Leave out any pictures and transcribe all other data below exactly.

PROVIDED DATA —
Content starts

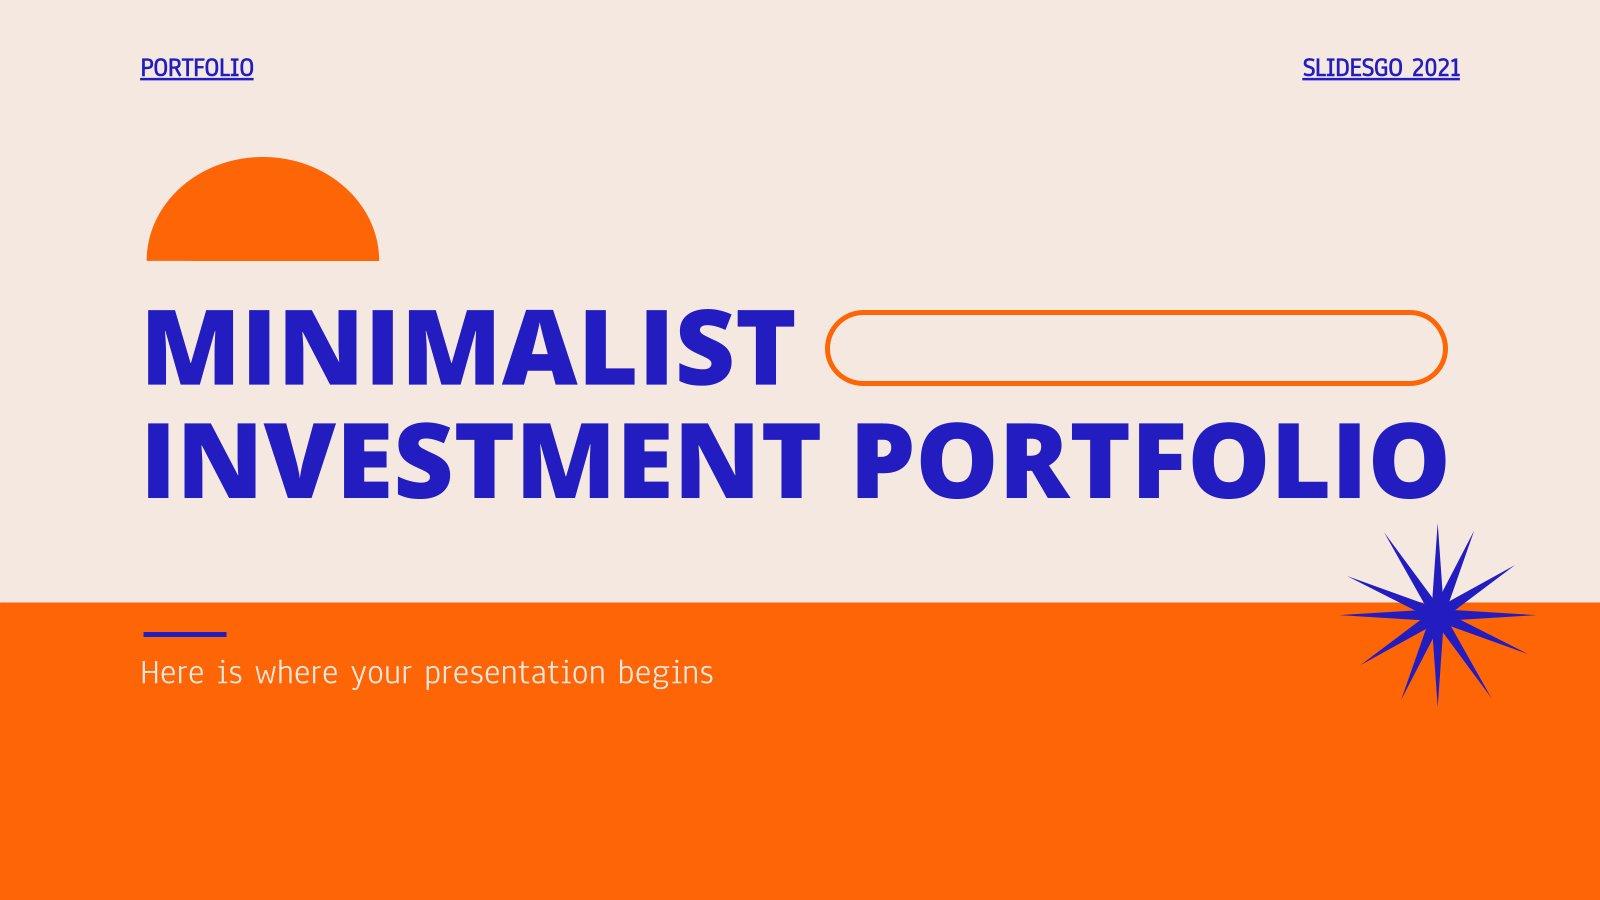 Modelo de apresentação Portfólio minimalista de investimentos
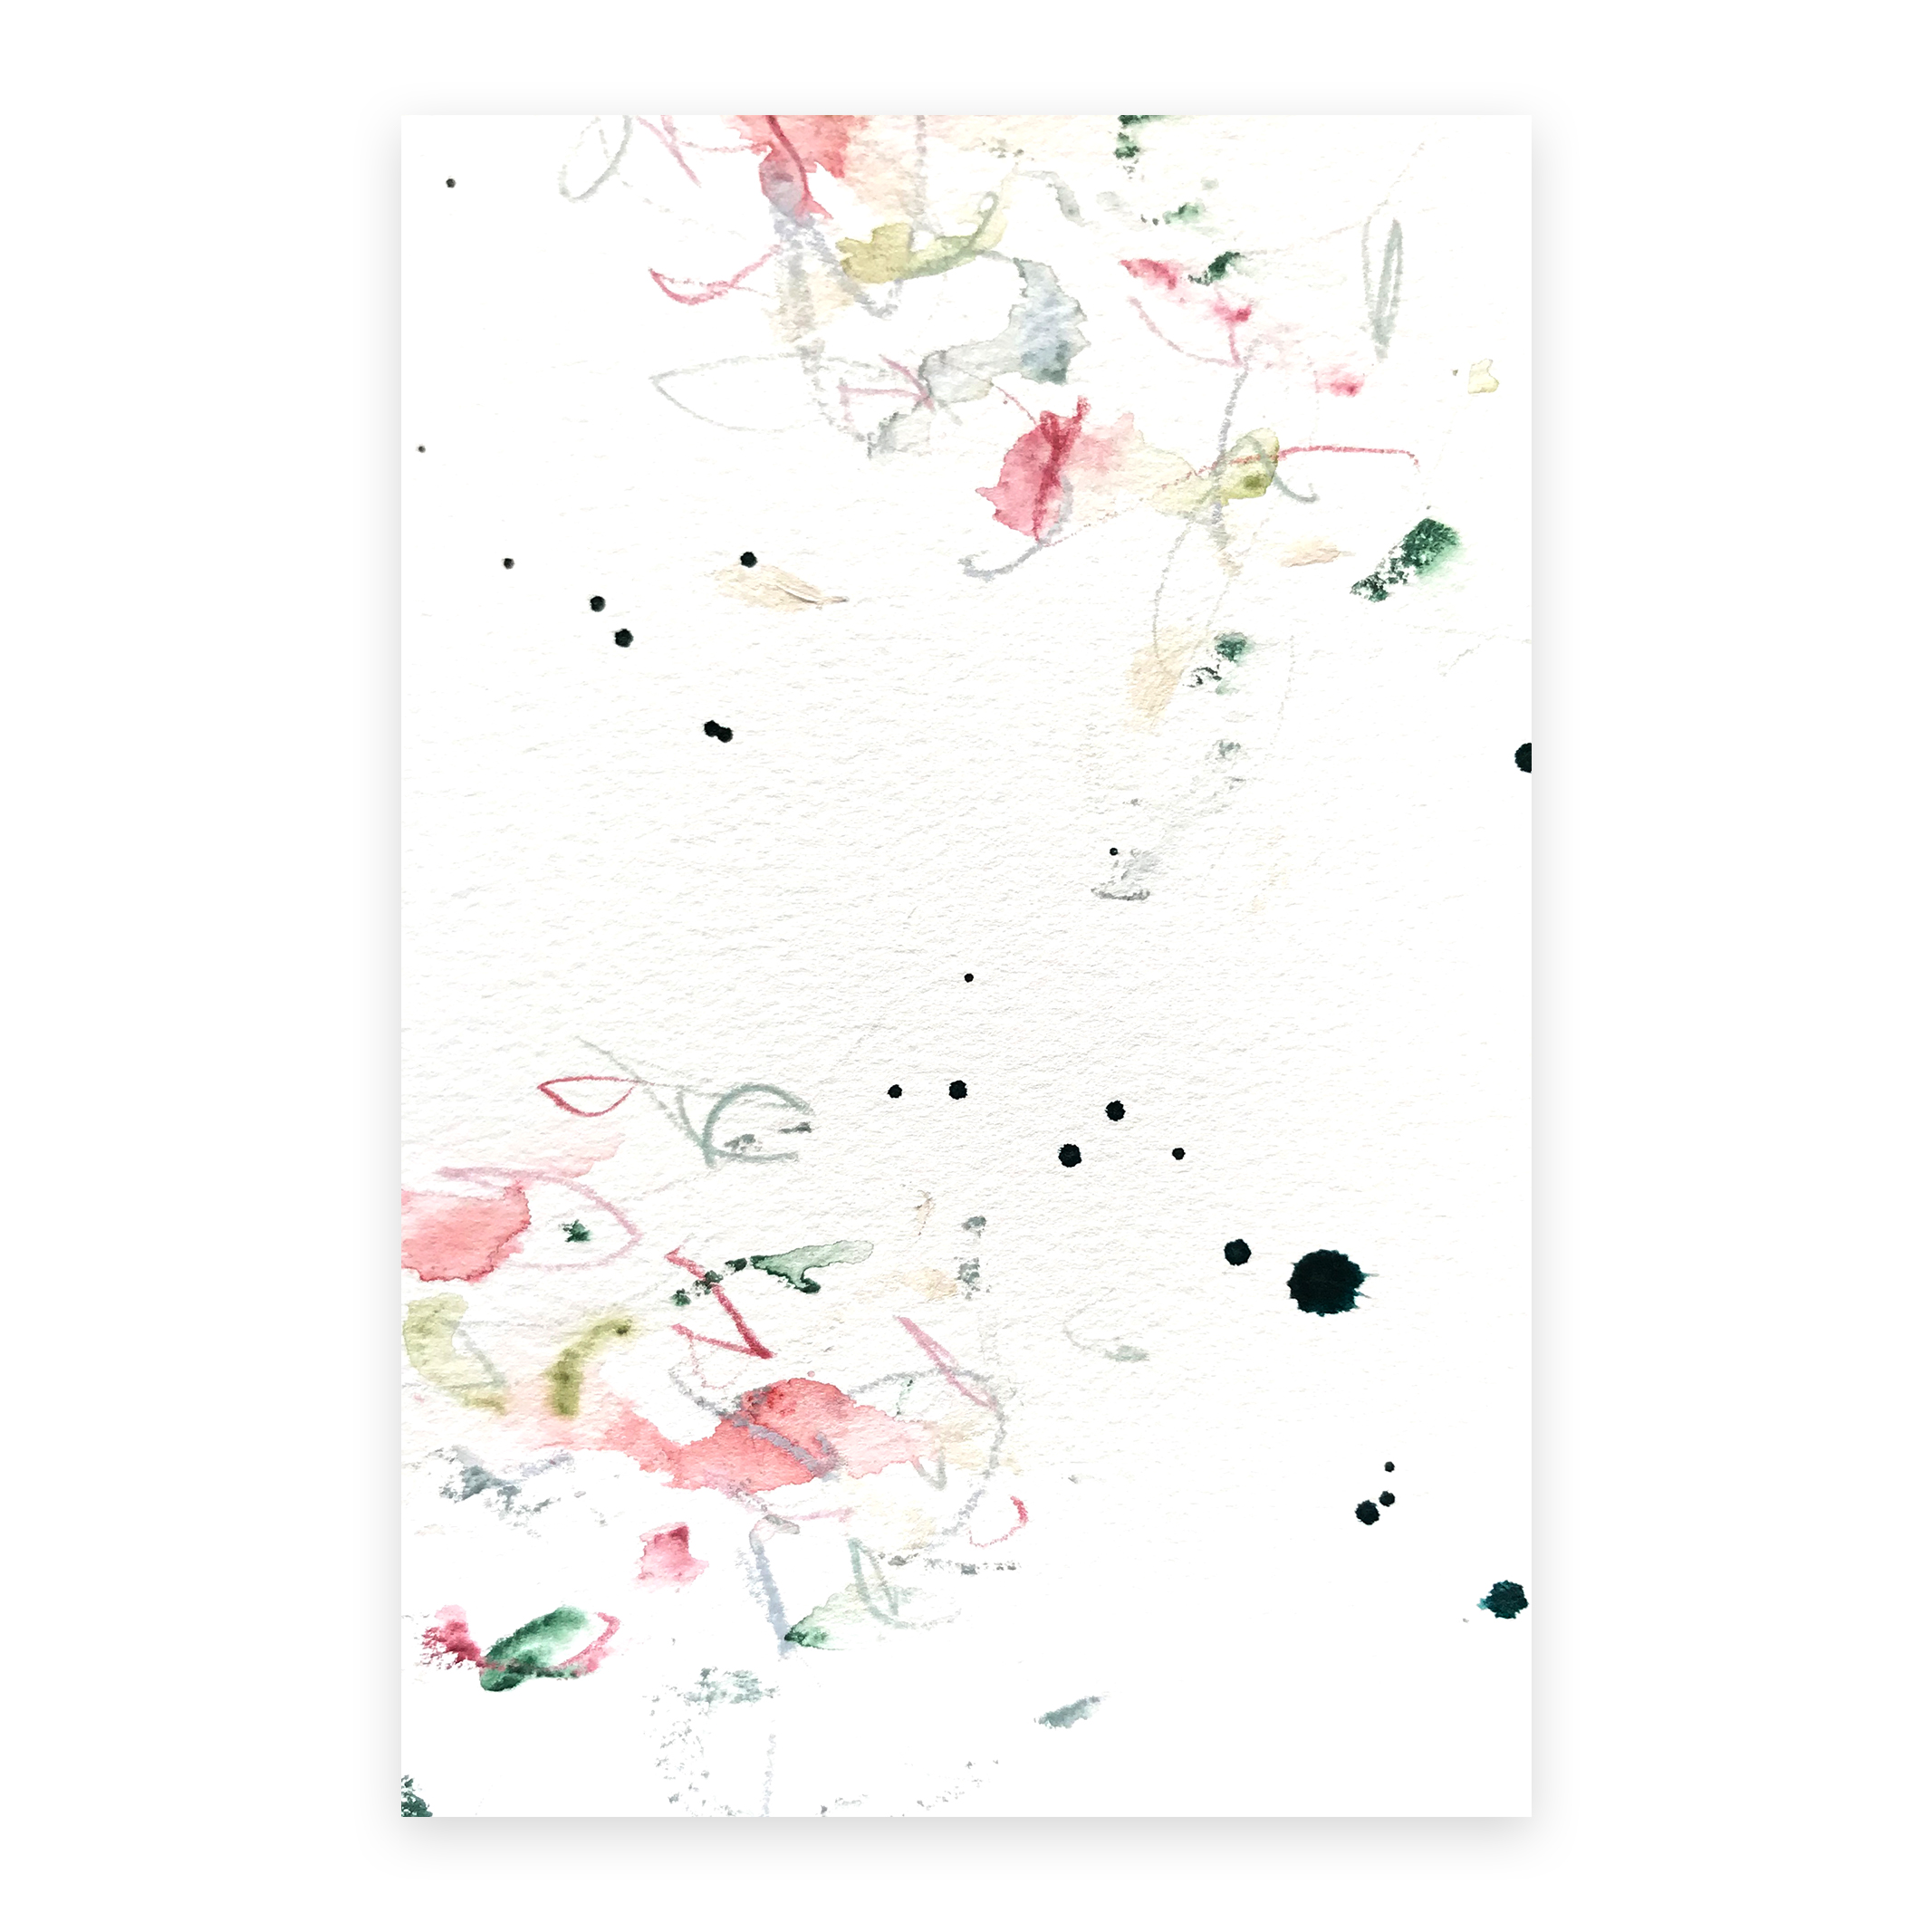 dd_nov22181  Mixed media on paper 14.8×10cm
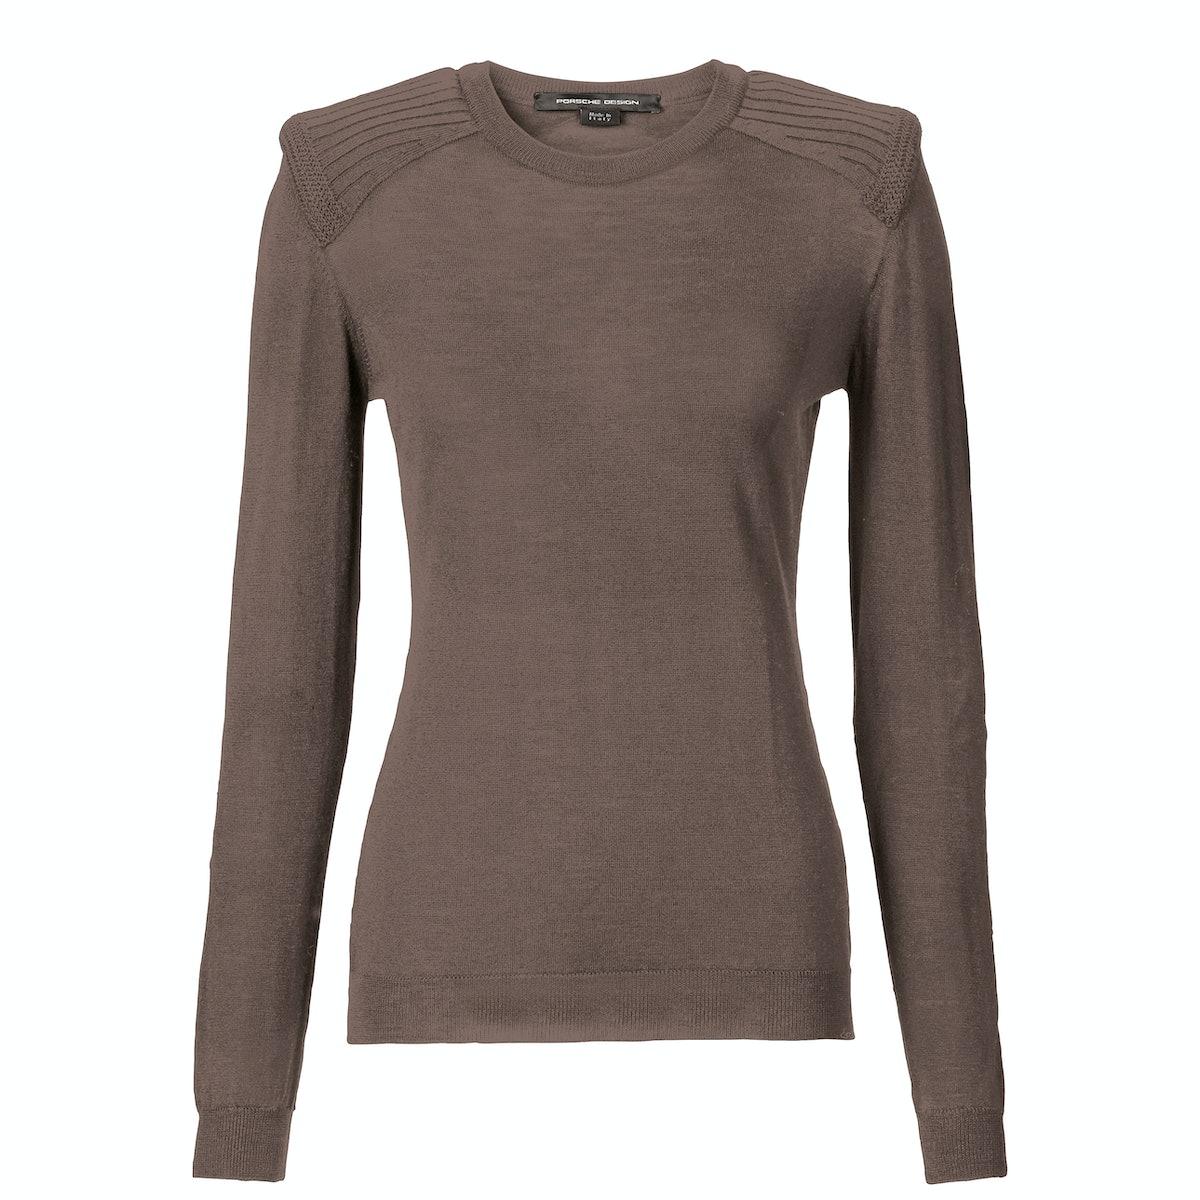 Porsche Design sweater
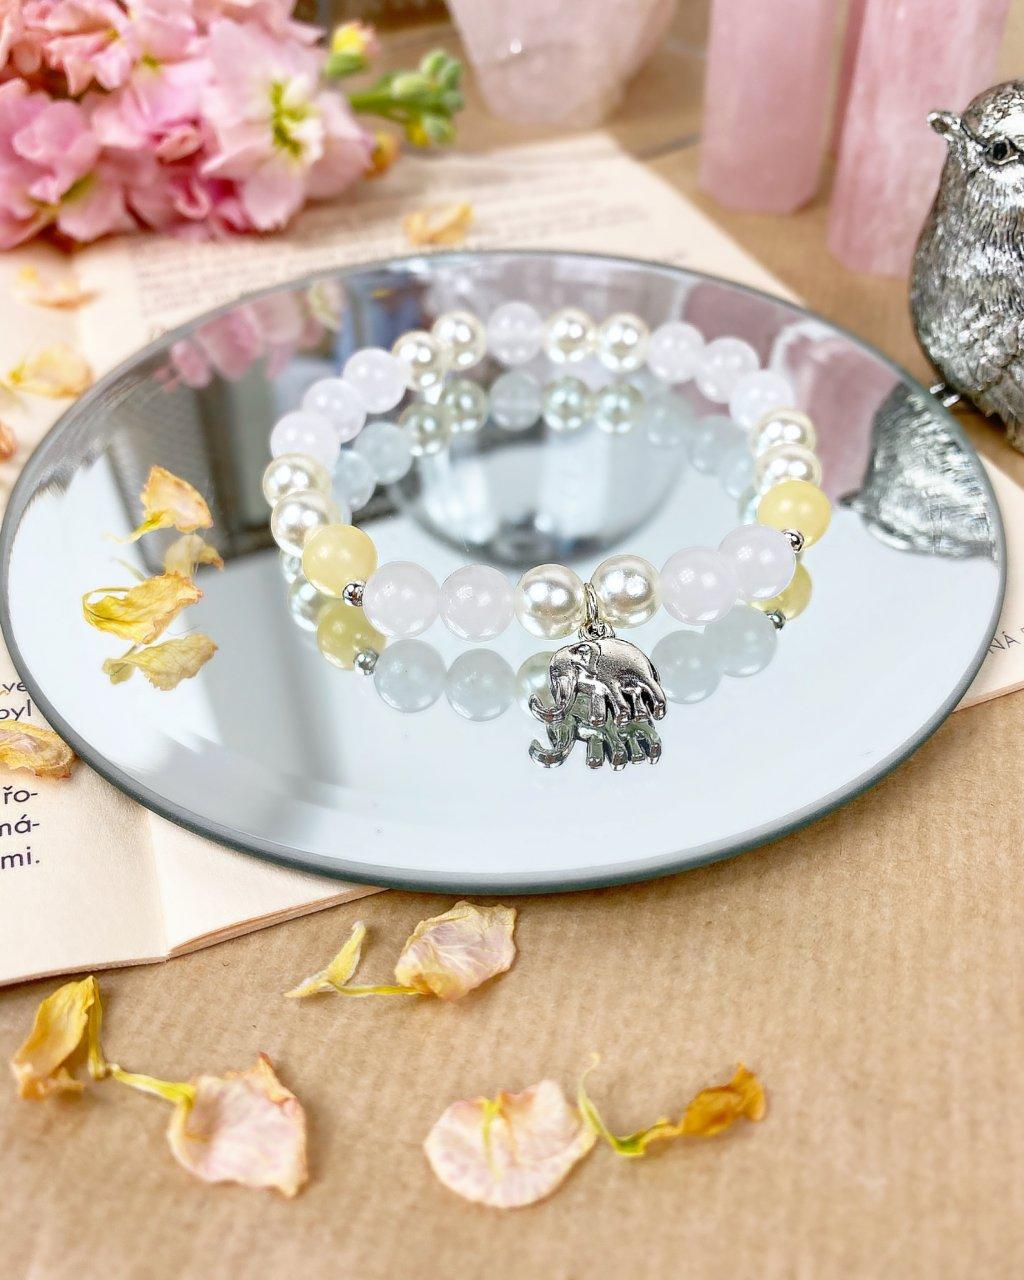 Náramek z minerálů pro štěstí s perlou, jadeitem sněžným a jaspisem žlutým

Content ends

FINAL ANSWER —
 Modelo de apresentação Portfólio minimalista de investimentos
 dd_nov22181  Mixed media on paper 14.8×10cm
 Porsche Design sweater
 Náramek z minerálů pro štěstí s perlou, jadeitem sněžným a jaspisem žlutým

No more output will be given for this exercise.